La Festa dei Lavoratori, come la Resistenza, rappresenta un’altra occasione per ricordare quella stessa lotta per essere definiti persone e trattati come tali, in questo caso attraverso il diritto e il dovere al lavoro, in condizioni giuste e soprattutto umane. Anche in questa giornata siamo chiamati a ricordare coloro che si sono opposti agli orari lavorativi disumani e allo sfruttamento dei lavoratori, rischiando non solo il loro posto ma anche la loro vita. Questa lotta va avanti ancora oggi, attraverso i sindacati e le manifestazioni, le proteste e gli scioperi, che ora, anche se non in tutto il mondo e non in modo sistematico, sono riconosciuti dalla legge come diritti legittimi di ogni lavoratore.

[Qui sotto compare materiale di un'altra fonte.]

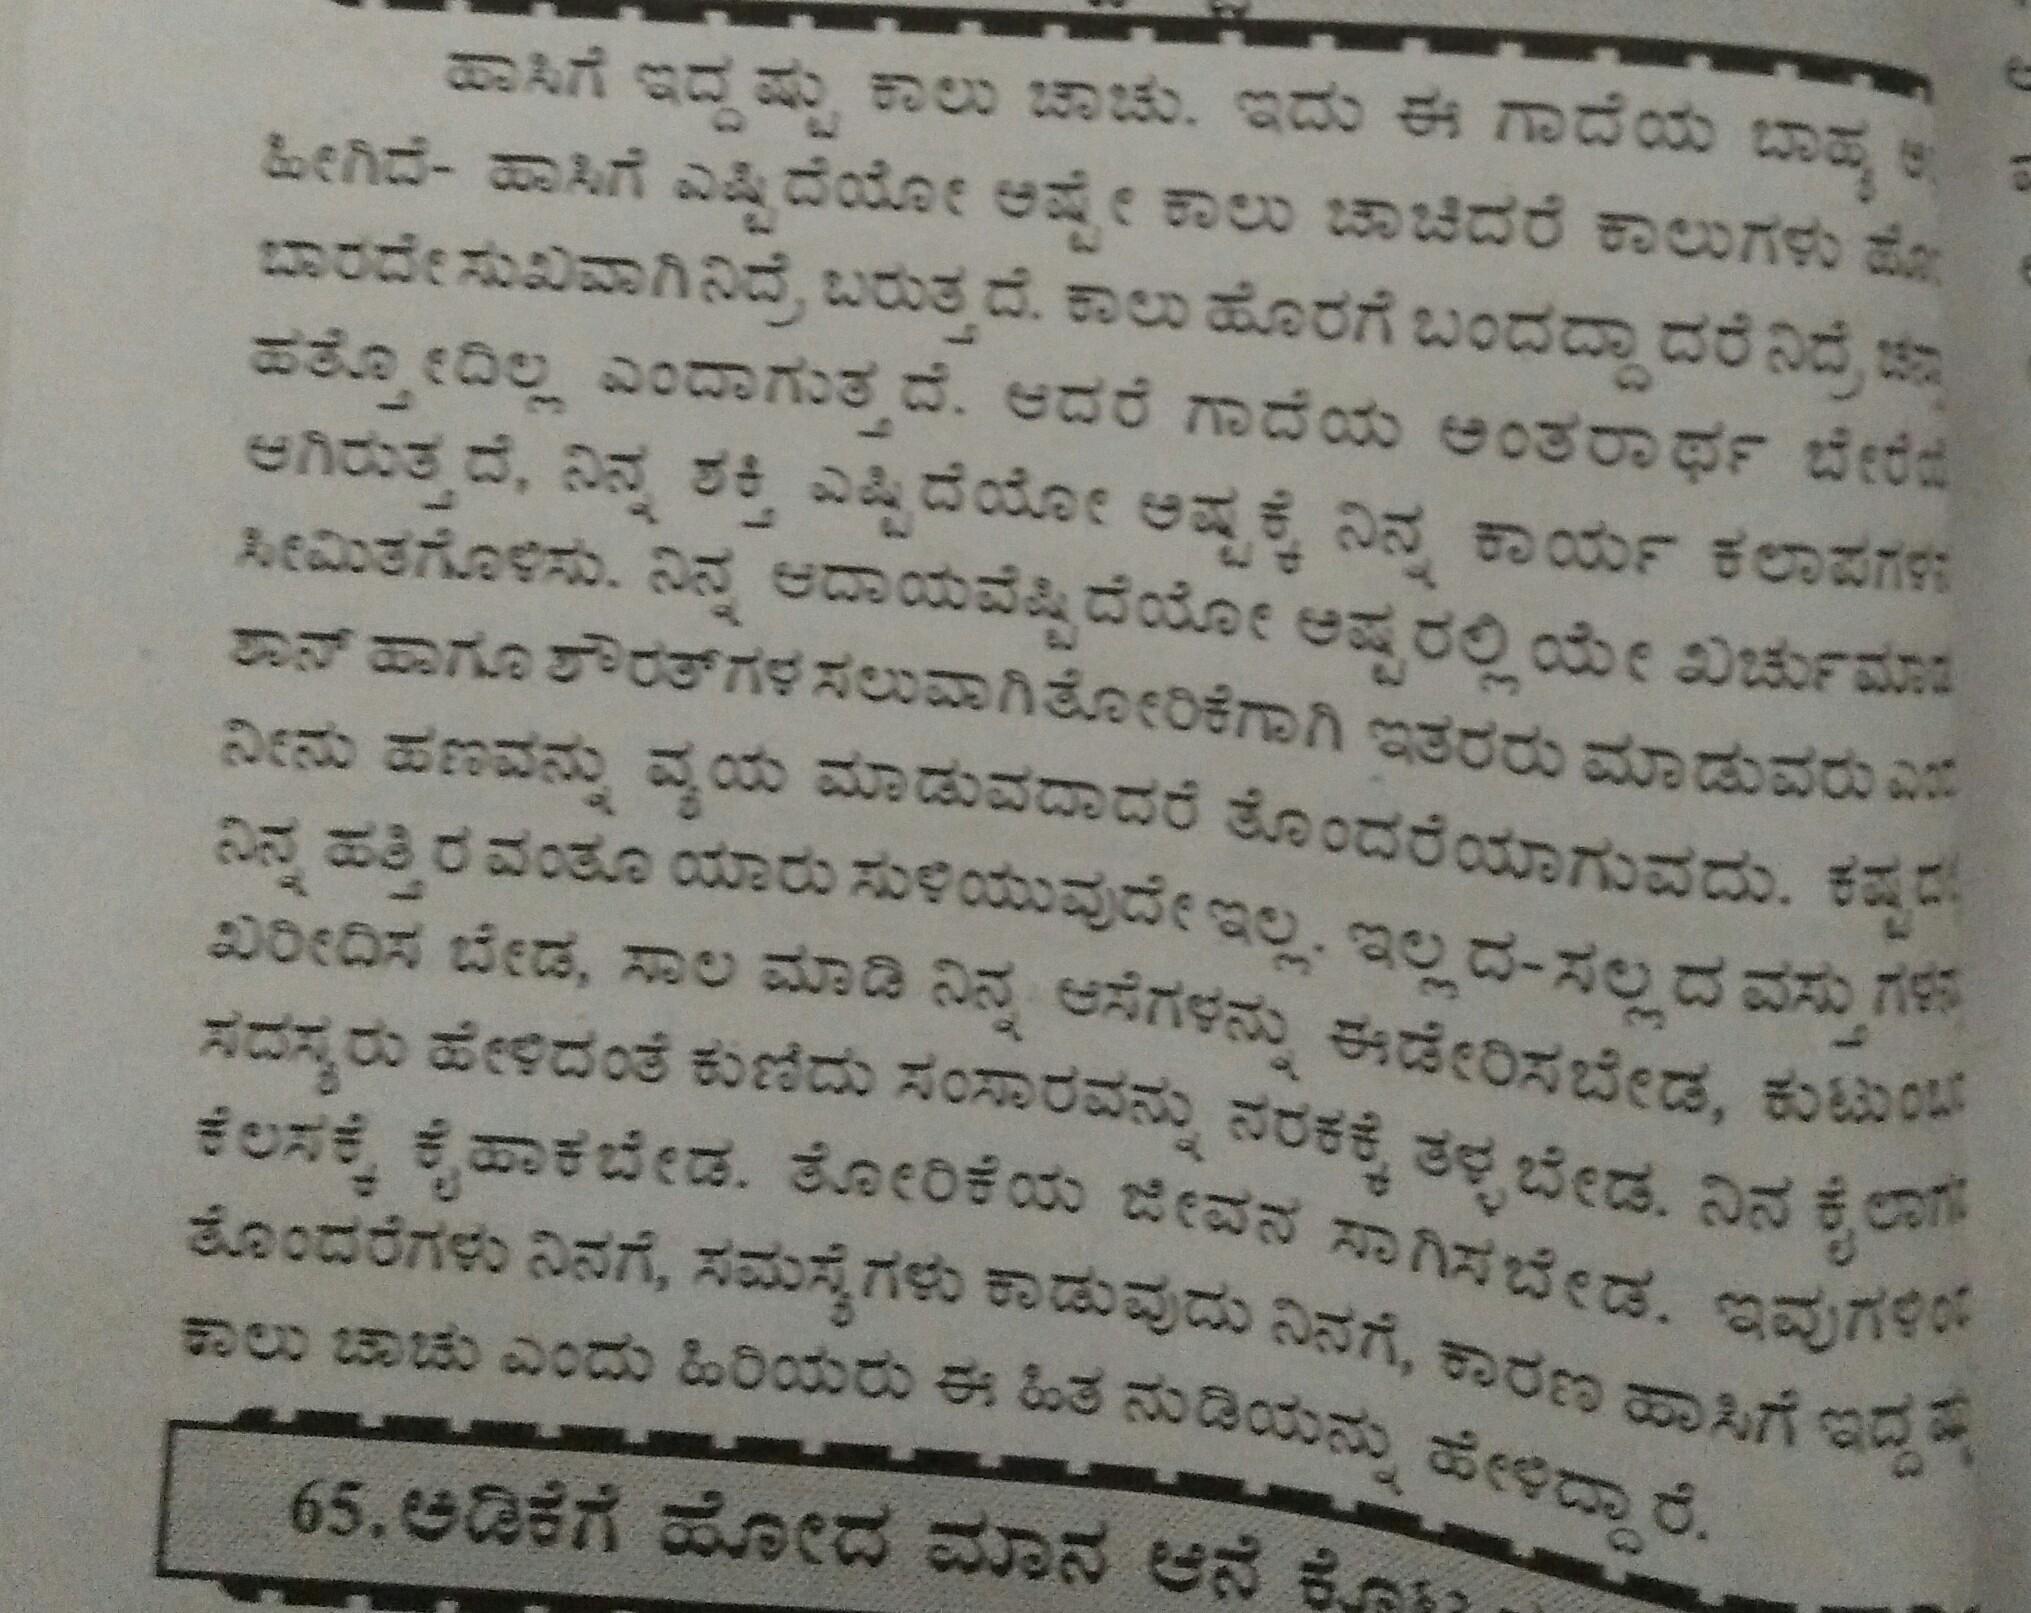 Hasige Idastu Kalu Chachu Explanation In The Kannada
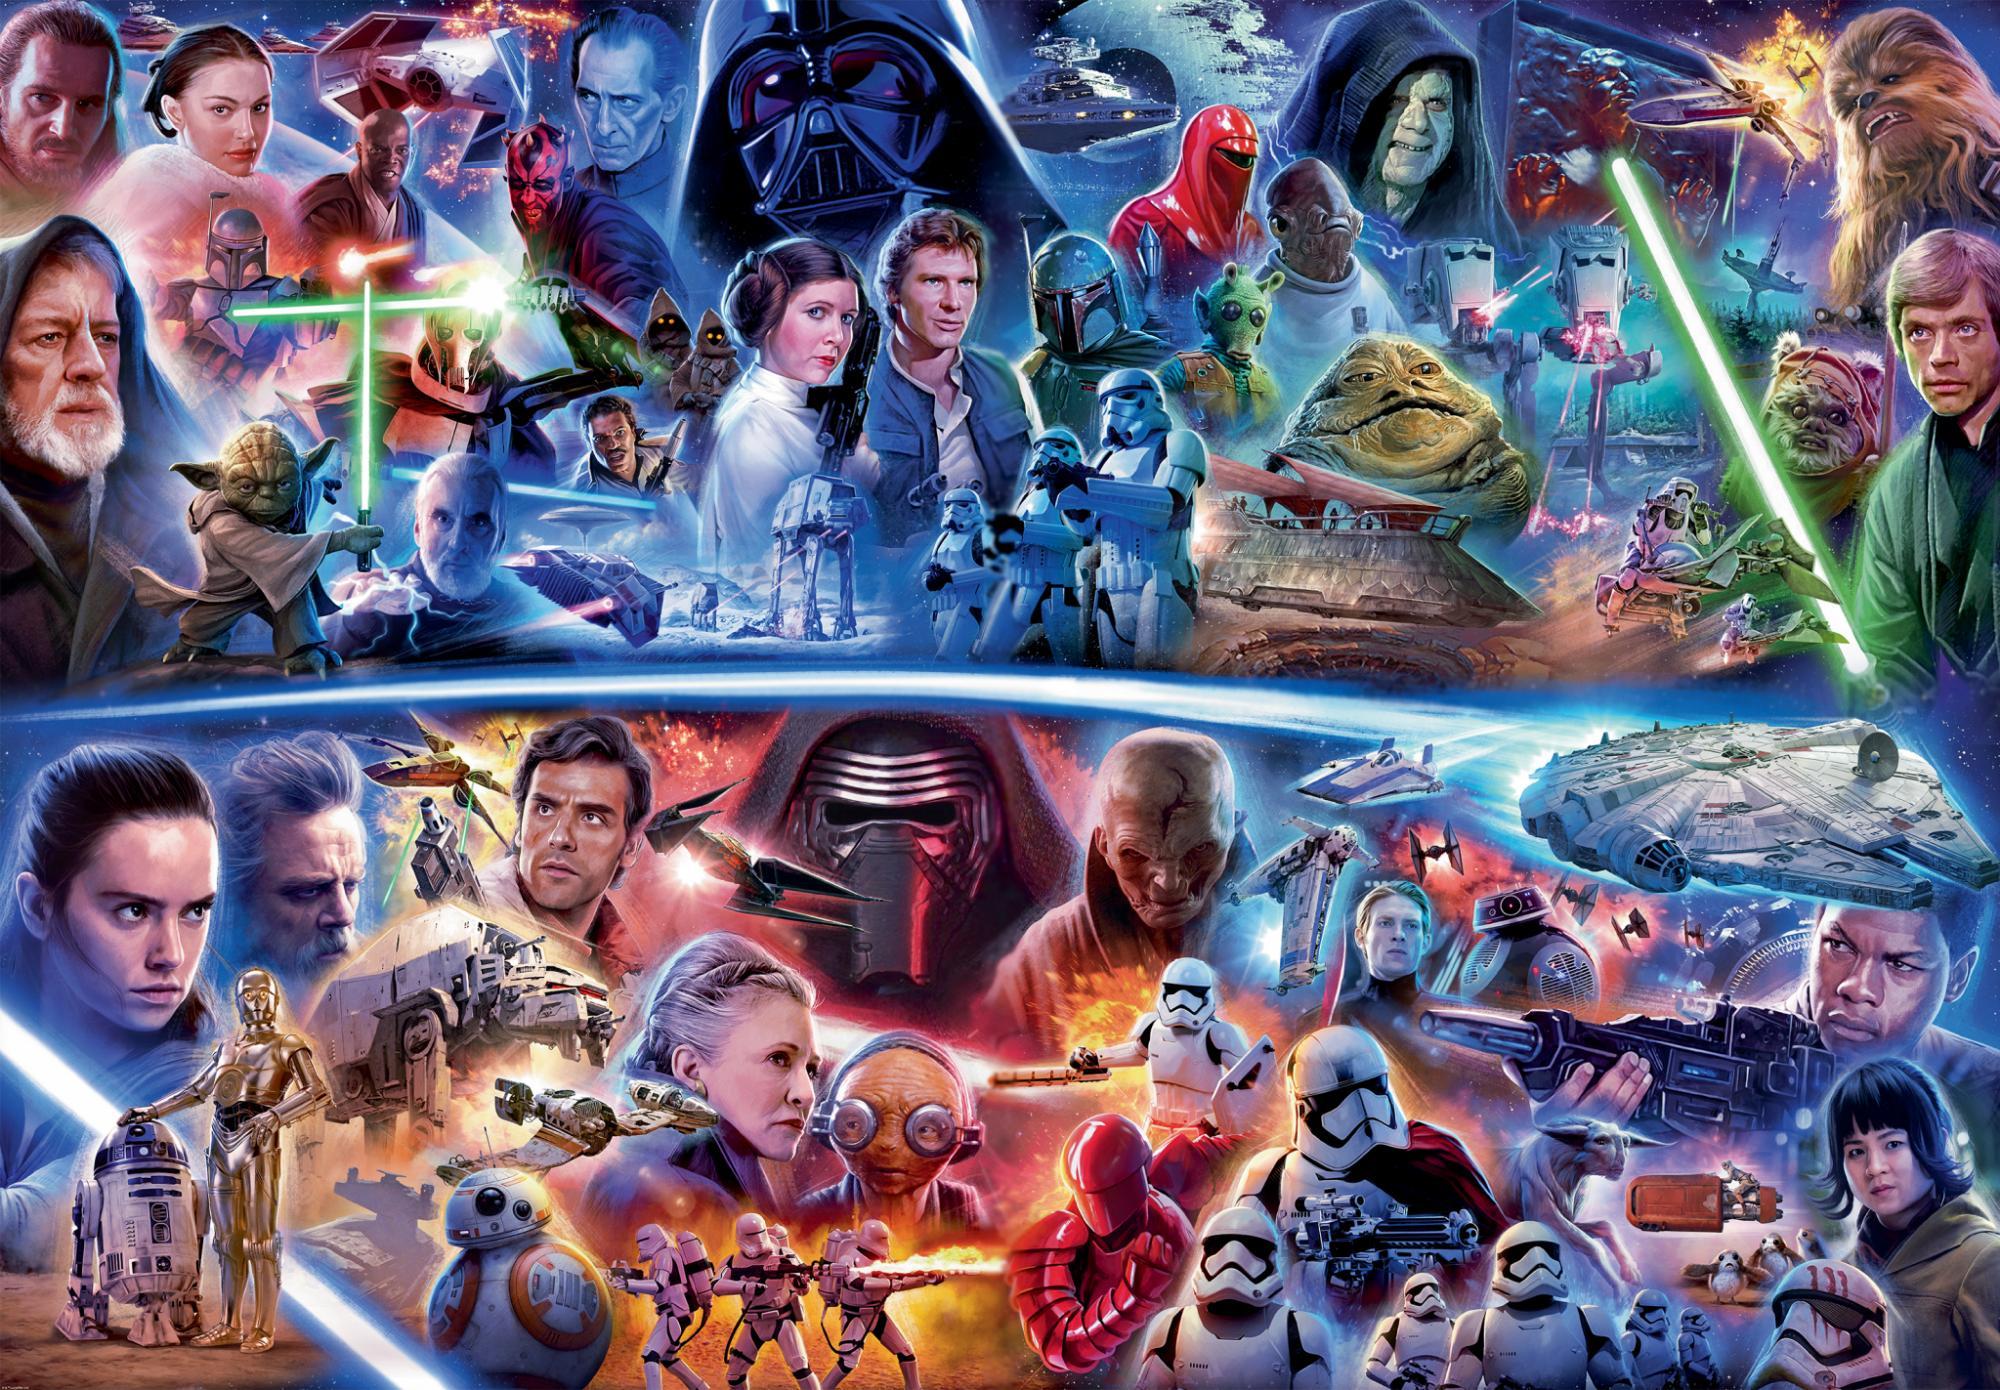 2560x1600 Star War Series 2560x1600 Resolution Wallpaper Hd

Cerchiamo quindi di non fare l’errore di non considerare queste ricorrenze come giornate qualunque, come semi o giorni “di vacanza”, perché la memoria di quelle storie, che possono apparirci così lontane e distanti da noi, è uno strumento importante per consentirci di mantenere quello che abbiamo conquistato. Il ricordo dei sacrifici di ieri ci permette di osservare criticamente la complessità della realtà che ci circonda e di rammentare che quei diritti che per noi sono verità quotidiane necessitano ancora di essere difesi perché non sono così scontati come si potrebbe, erroneamente, pensare. Lo dobbiamo a quel sangue versato e a quelle vite spezzate, ma lo dobbiamo anche a noi stessi e coloro che verranno dopo di noi.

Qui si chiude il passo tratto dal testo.